Thursday, 27 February 2020

A little bird told me…

Modesty would be a wonderful thing in winemakers. They would disappoint fewer people. They might even sell more wine.

I was wandering past the posh wine merchant’s, when I saw that they had a February sale on. With a Spanish dish for supper, I had reconciled myself to Rioja, as you do, when I was drawn to a Monastrell from Jumilla in their window. It was reduced from £10.95, which is 96p the wrong side of maybe, to j£7.95, A price which brought to mind those famous last words “you can’t go wrong”.

So I take home a bottle of Talento – or, as you can see on the label, Talento Talento Talento Talento…Alright! I heard you the first time! If New York, New York was so good they named it twice, what does that imply about repeating Talento nine times?

But then I am intrigued to find this on the back label: “Use what talents you possess, the woods would be very silent if no birds sang there except those that sang best.”

Well, this is novel. Winemakers are notorious for not just blowing their own trumpet, but employing a personal brass band. Yet here is a wine seemingly suggesting that it may not be the best.

Althoiugh he is not credited, the quote is from Henry Van Dyke, a US Presbyterian minister and writer popular in the early 20th century. He penned a number of similar platitudinous quotations, such as: “There are two good rules which ought to be written on every heart - never to believe anything bad about anybody unless you positively know it to be true; never to tell even that unless you feel that it is absolutely necessary; and that God is listening. “ Which basically kills stone dead our contemporary birdsong, Twitter.

Yes, we definitely do want a range of “birds” in our wine “woods”. We just don’t need them chirping on about how proud they are of their product, about the proximity of their nest to that of a more celebrated bird, or the fact that they have themselves hatched from an egg laid by a tuneful parent – none of which are guarantees of a lovely song.

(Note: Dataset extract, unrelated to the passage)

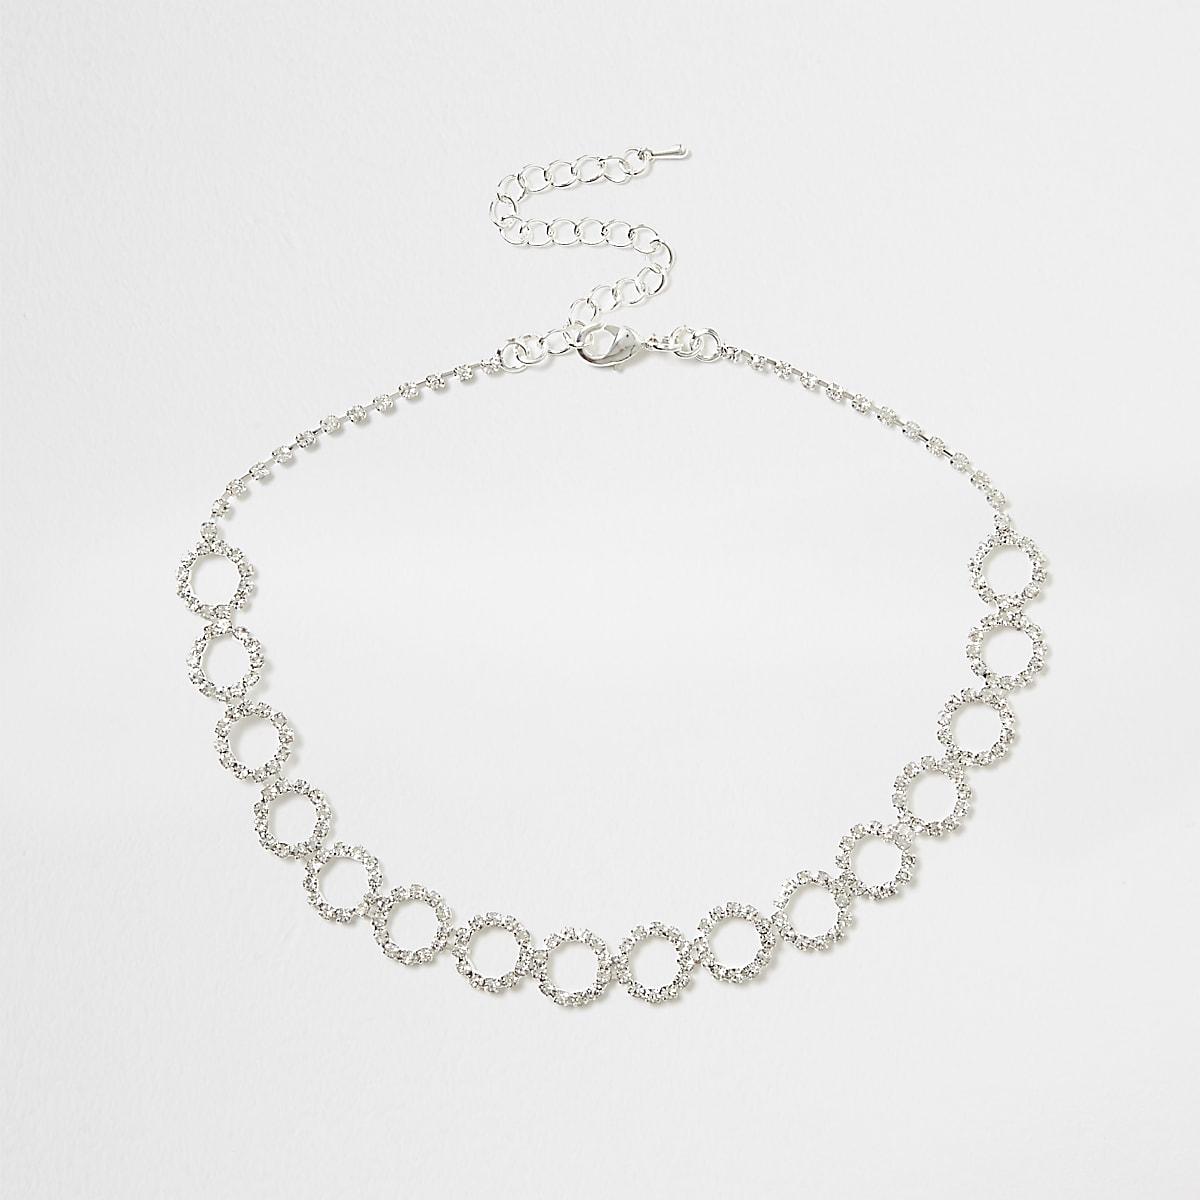 Silver diamante encrusted circle chain choker

But let us not strain the analogy further. The posh wine merchant says from on high that “This is 'Bandol on a budget'”, an enticing phrase given that my Bandol stock is and will probably always be zero, and my budget little more. It’s a “vino ecologico”, which sets off a tremor of nervousness; but I am encouraged by the merchant’s idiosyncratic detection of “a whiff of Eccles cakes”, following which I trust they will baffle other international customers with references to pease pudding, custard creams and spotted dick.

Finally, they say, it “simply sings from the glass” – and we’re back in the woods with the birds.

But actually, it is distinctly tuneful. A dark, purplish colour with a heavy bouquet, leads on to an interesting combination of bright top notes over a weighty, soft base, with that cherryish thing of bitter fruit. It’s too full-on for a guzzler; it’s a very tasty wine to sip and consider. Appropriately, a beaker full of the warm South.

Which, given the way they have lowered my expectation (to say nothing of lowering the price) left me charm’d.

I actually went back and bought a case; they had more bottles in their shop than online. “Quick, said the bird, find them, find them”.


Thursday, 20 February 2020


So I'm still feeling kind of peaky to be honest. I mean, this cold. Don't ask. PK and I went to a tasting a week or so back and I couln't taste a thing, let alone enjoy it. And there was some good stuff there, too. Burgundies, or something. I went home early. And now I'm still stuck with the half-life of the damn thing, enough to make me feel as if I've been sleeping rough for the last fortnight. I wish I was making this up.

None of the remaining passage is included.